(Task description): Drop every picture, then print the rest of the listing exactly as given.
::: Given data
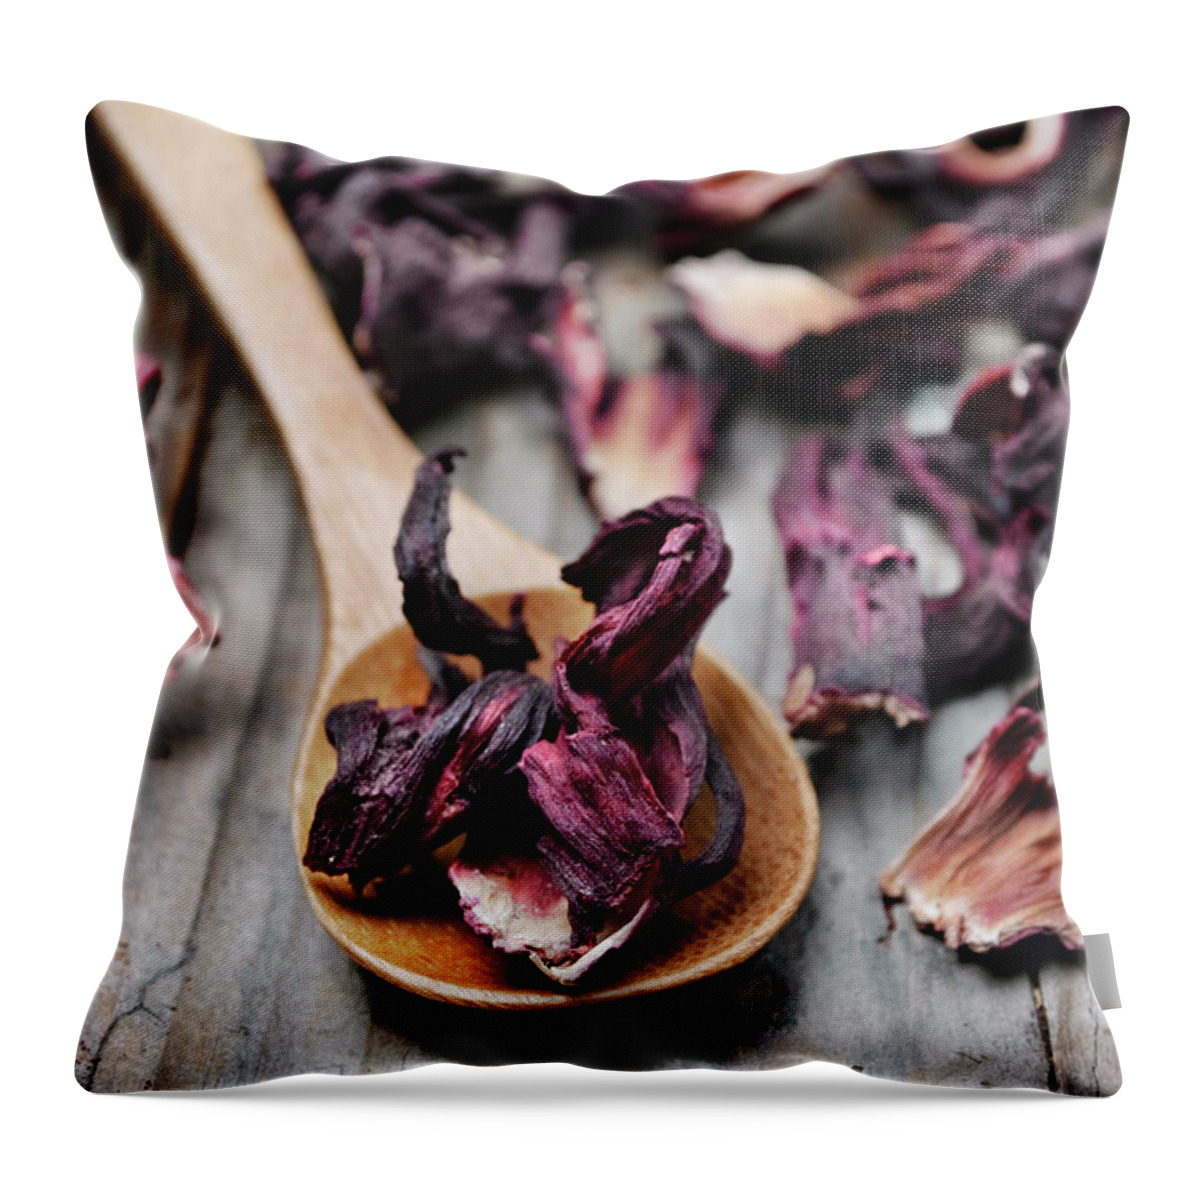 Tea Throw Pillow featuring the photograph Hibiscus Tea #1 by Jelena Jovanovic
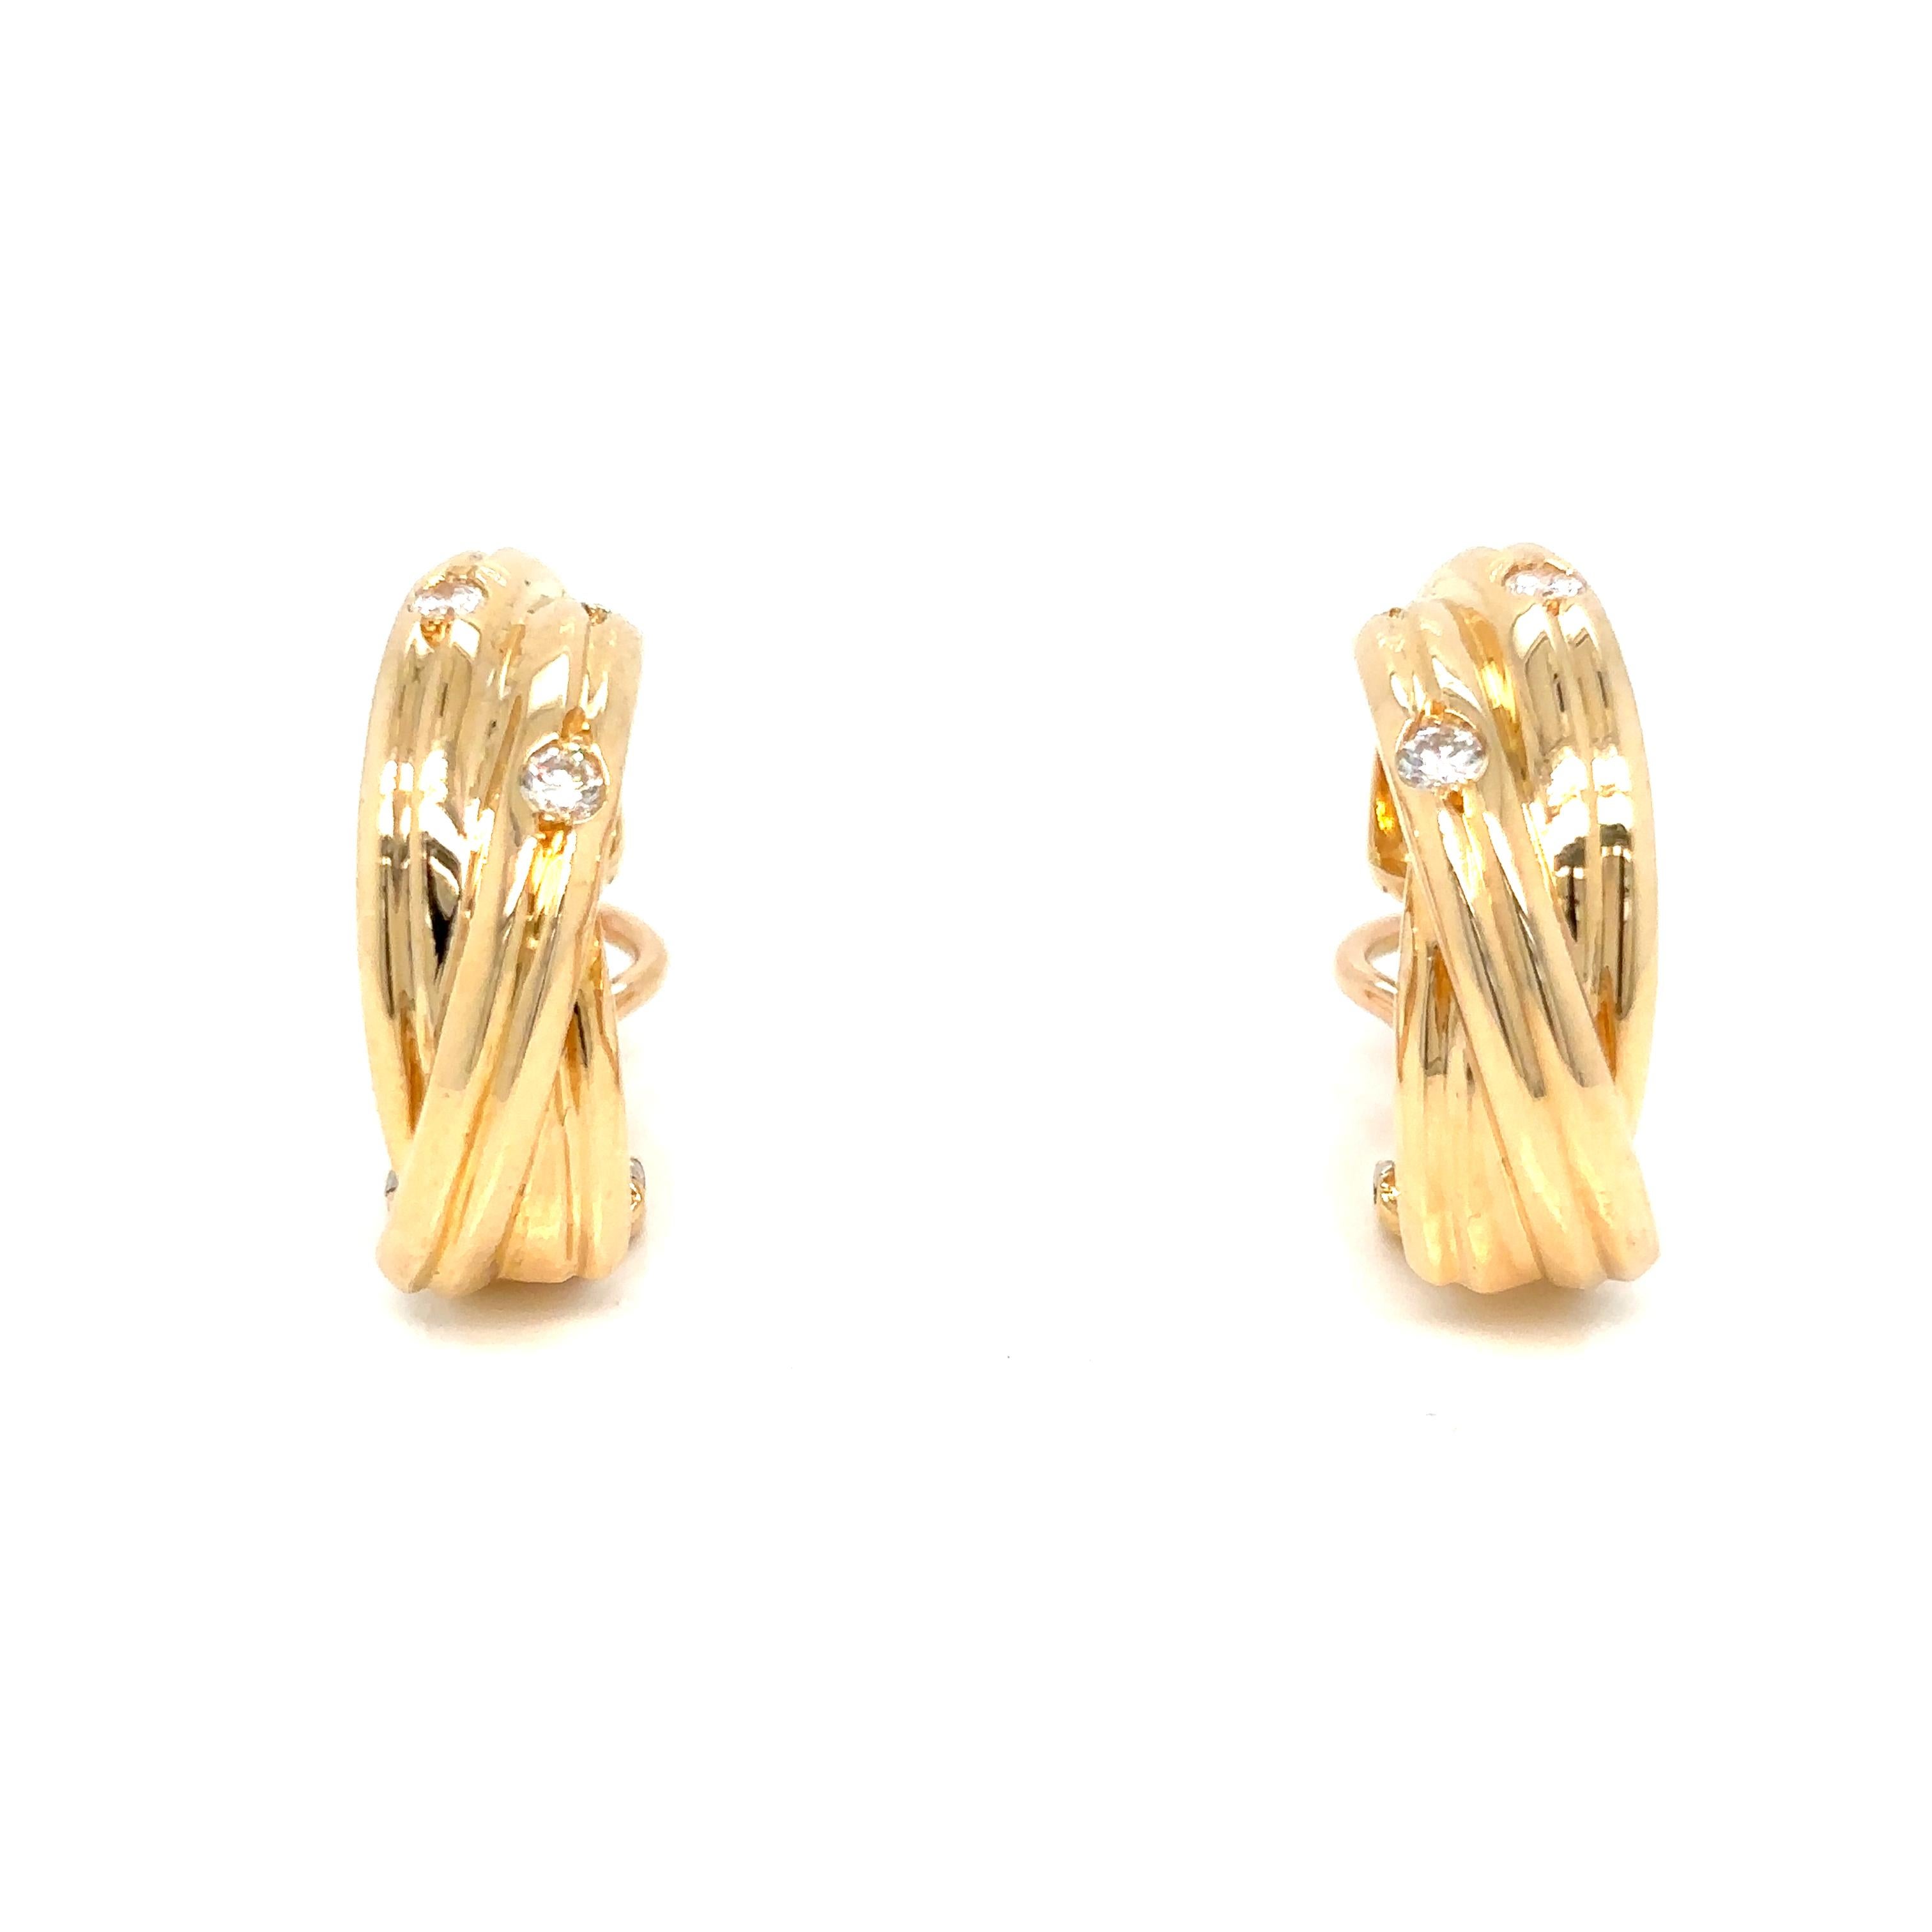 Boucles d'oreilles Trinity Diamond Hoop, chacune composée de trois demi-boucles d'oreilles entrelacées en or jaune 18ct et serties de cinq diamants ronds de taille brillant, montées sur pivot et présentées dans leur écrin d'origine.

Diamètre
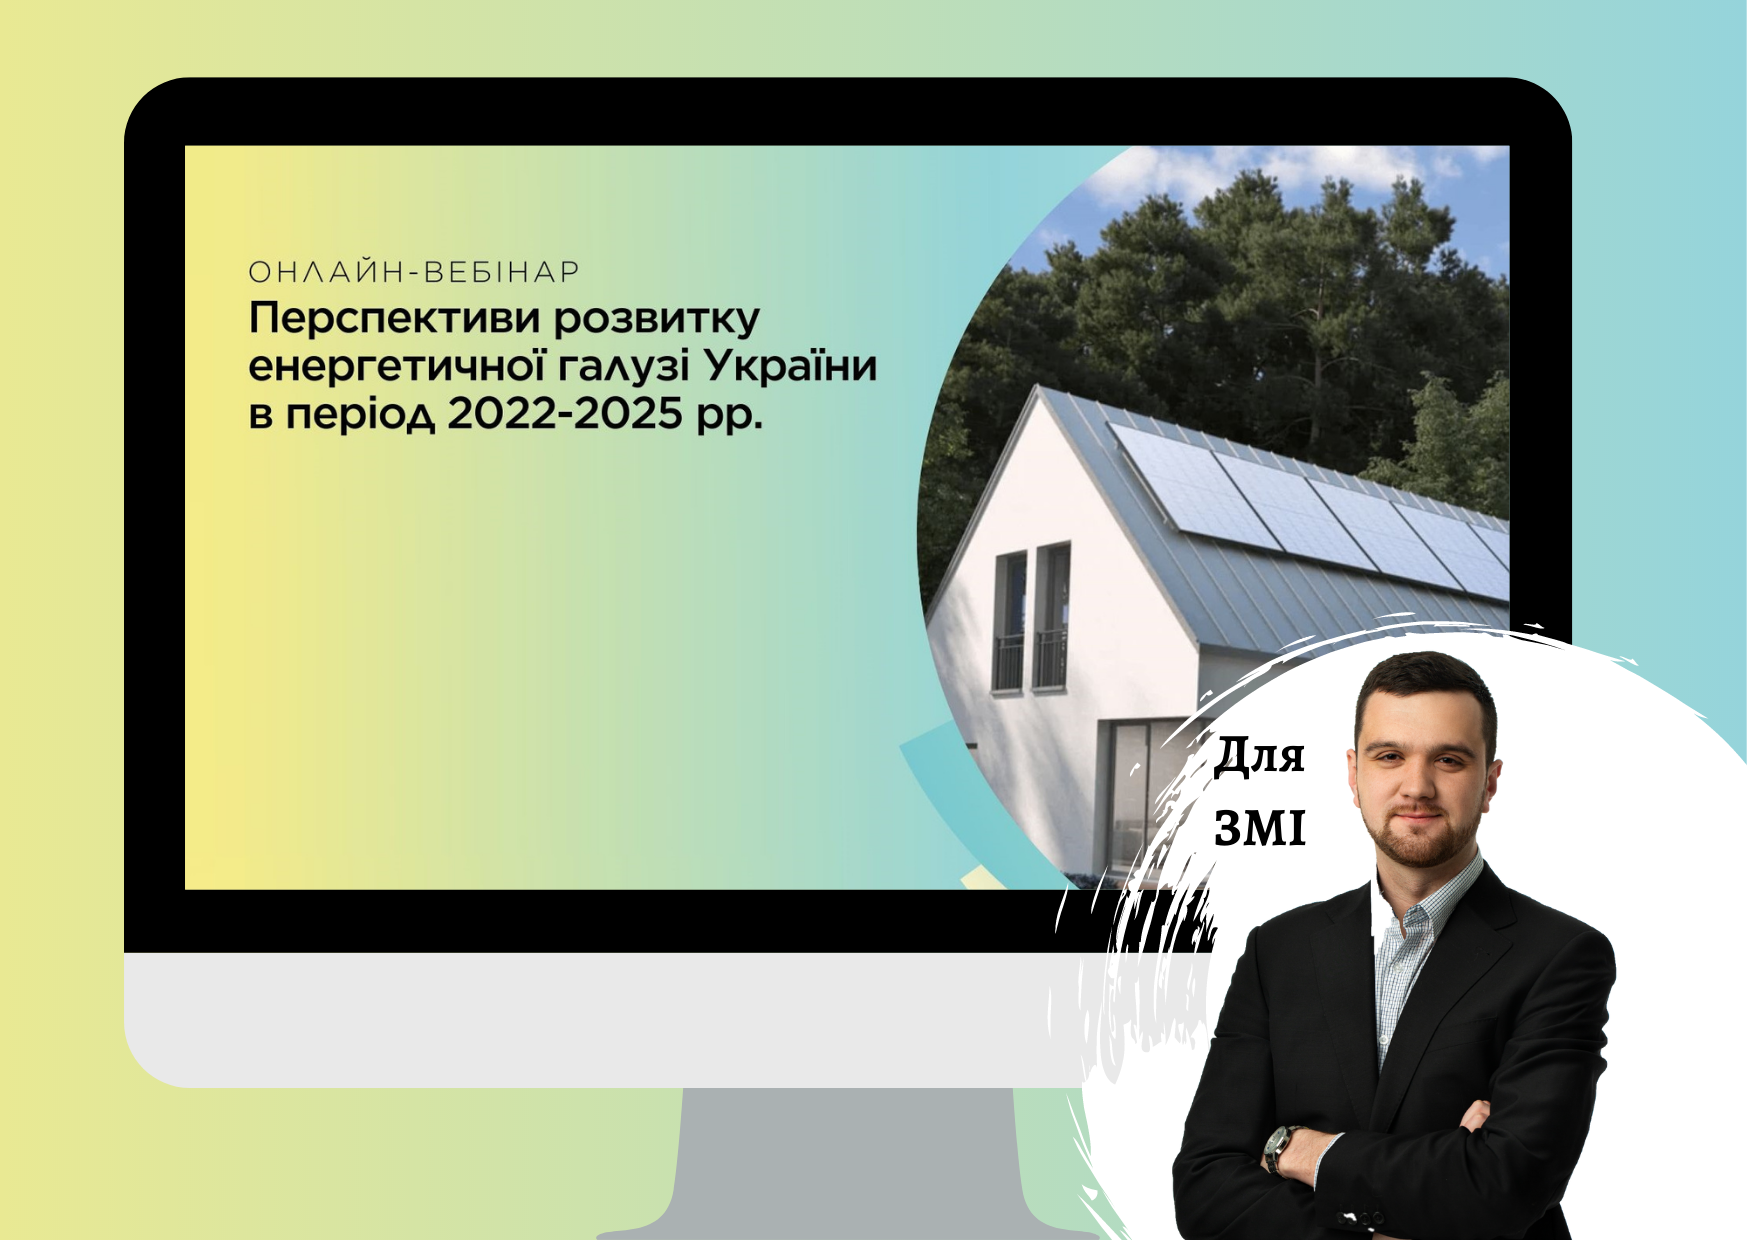 В вебинаре «Перспективы развития энергетической отрасли Украины» принял участие Андрей Мокряков, старший консультант Pro-Consulting
::::::
(Reply to the task):
 Tea Throw Pillow featuring the photograph Hibiscus Tea #1 by Jelena Jovanovic
 Boucles d'oreilles Trinity Diamond Hoop, chacune composée de trois demi-boucles d'oreilles entrelacées en or jaune 18ct et serties de cinq diamants ronds de taille brillant, montées sur pivot et présentées dans leur écrin d'origine.

Diamètre
 В вебинаре «Перспективы развития энергетической отрасли Украины» принял участие Андрей Мокряков, старший консультант Pro-Consulting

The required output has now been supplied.